◆ Provided data

------------------------

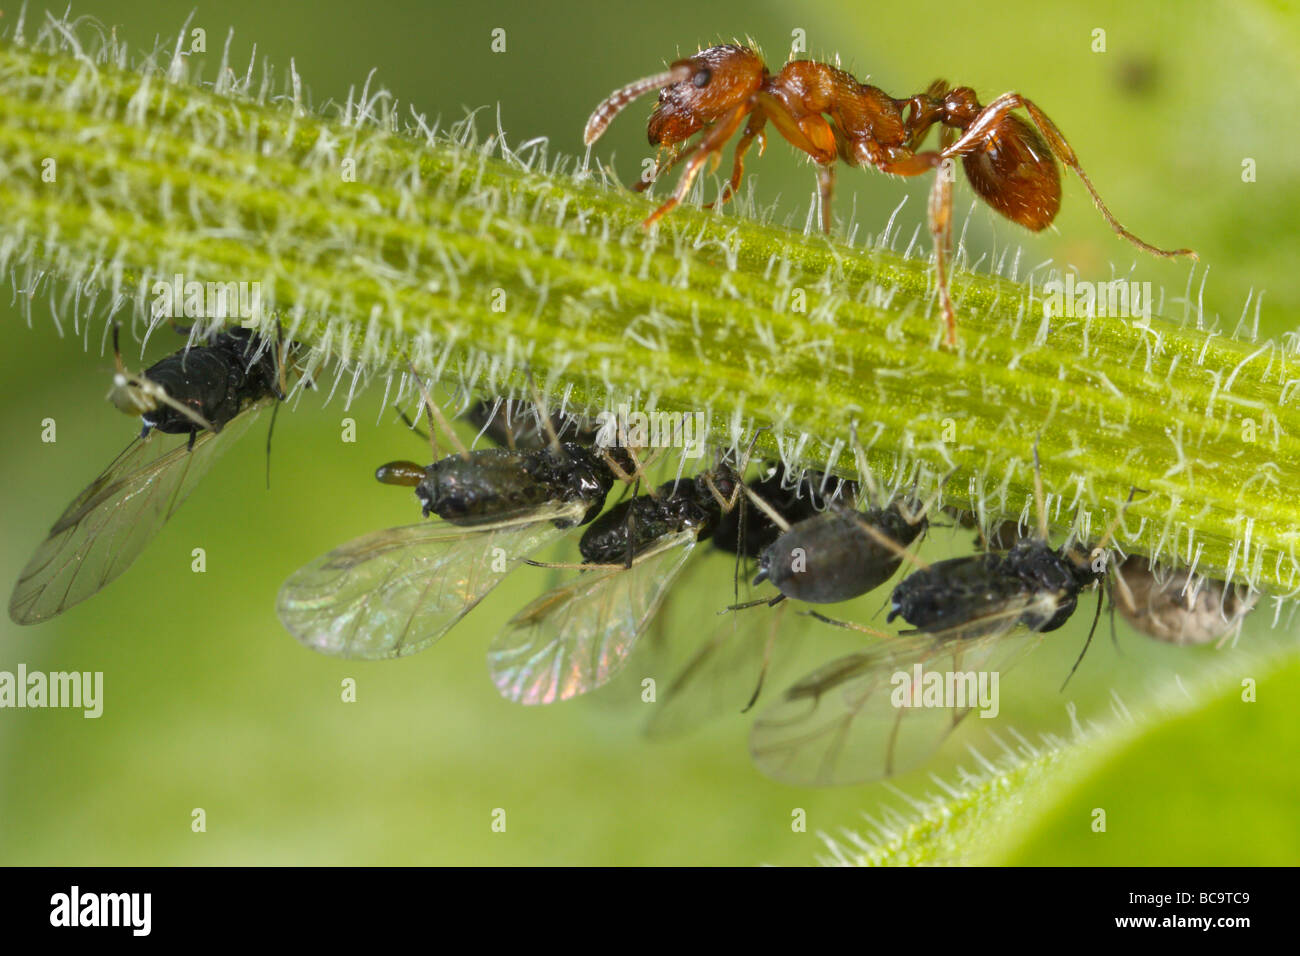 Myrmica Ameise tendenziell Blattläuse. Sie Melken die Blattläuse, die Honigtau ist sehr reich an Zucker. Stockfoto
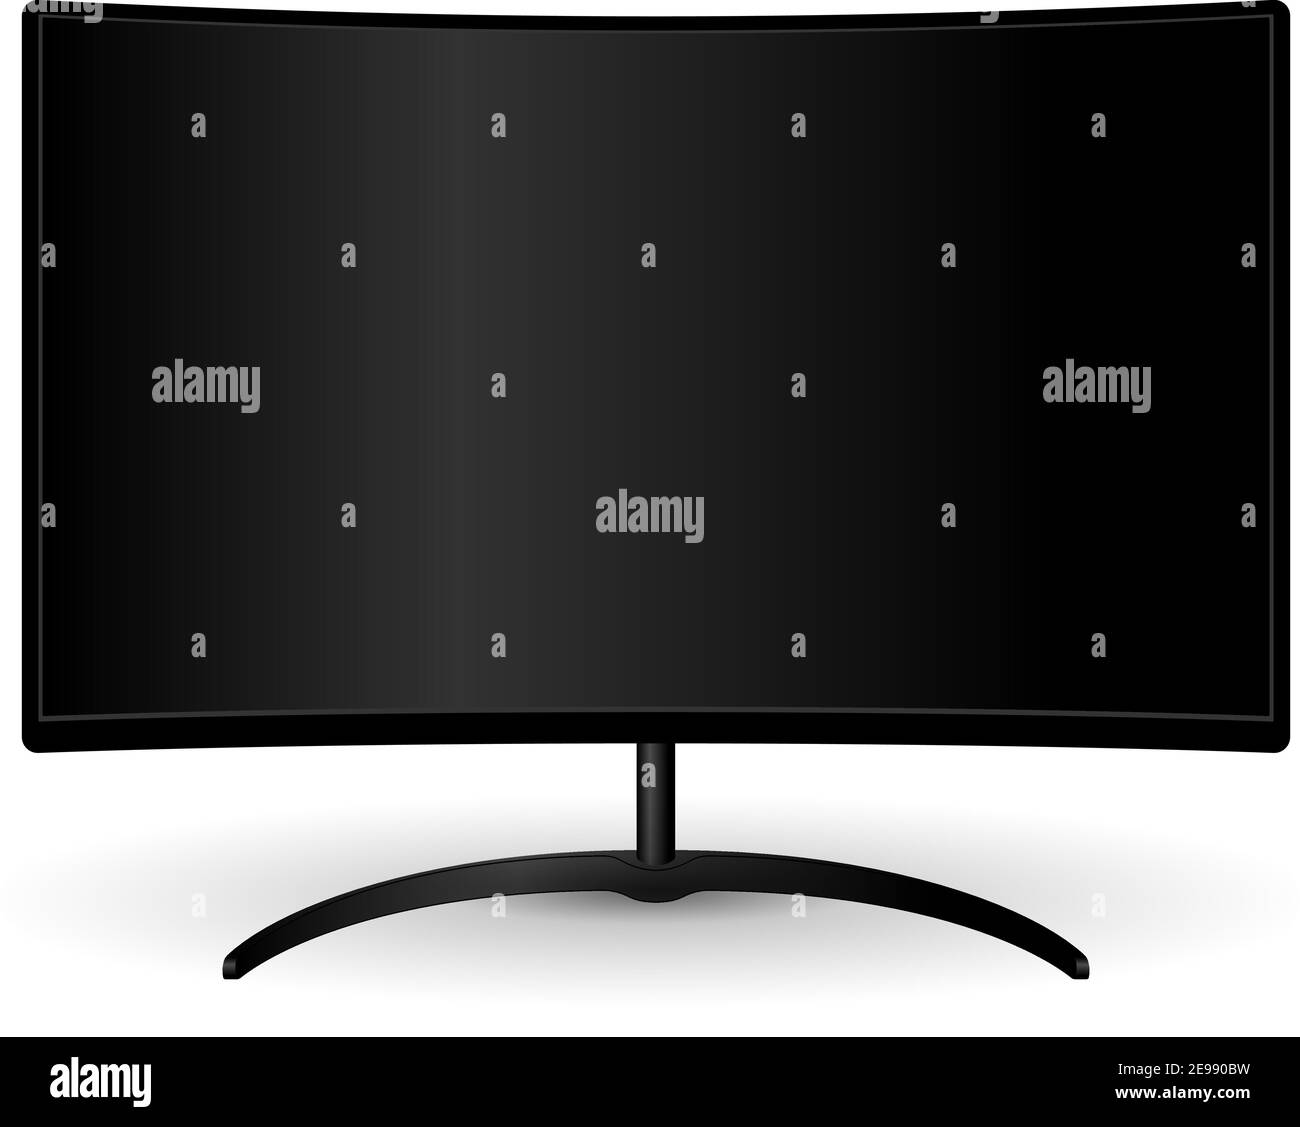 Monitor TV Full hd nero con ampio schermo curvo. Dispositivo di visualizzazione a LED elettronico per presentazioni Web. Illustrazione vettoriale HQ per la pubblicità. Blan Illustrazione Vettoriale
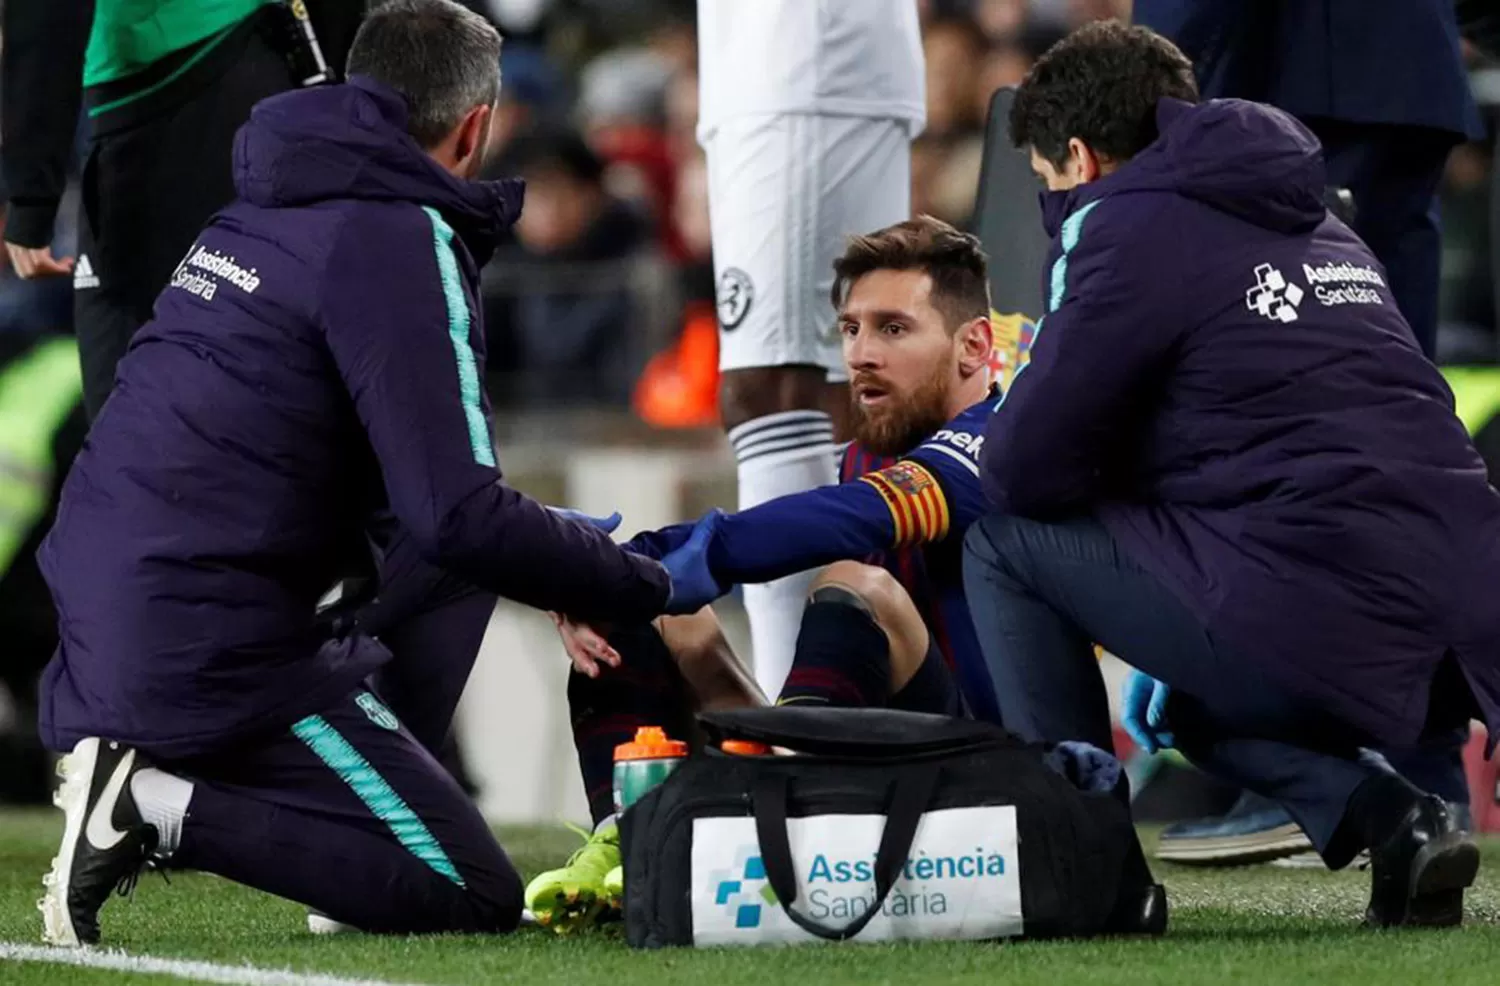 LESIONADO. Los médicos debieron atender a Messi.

------------------------

Beginning with the line containing "Monitor TV Full" and ending with the last line of the material, output each line exactly; do not include pictures.

 Monitor TV Full hd nero con ampio schermo curvo. Dispositivo di visualizzazione a LED elettronico per presentazioni Web. Illustrazione vettoriale HQ per la pubblicità. Blan Illustrazione Vettoriale
 LESIONADO. Los médicos debieron atender a Messi.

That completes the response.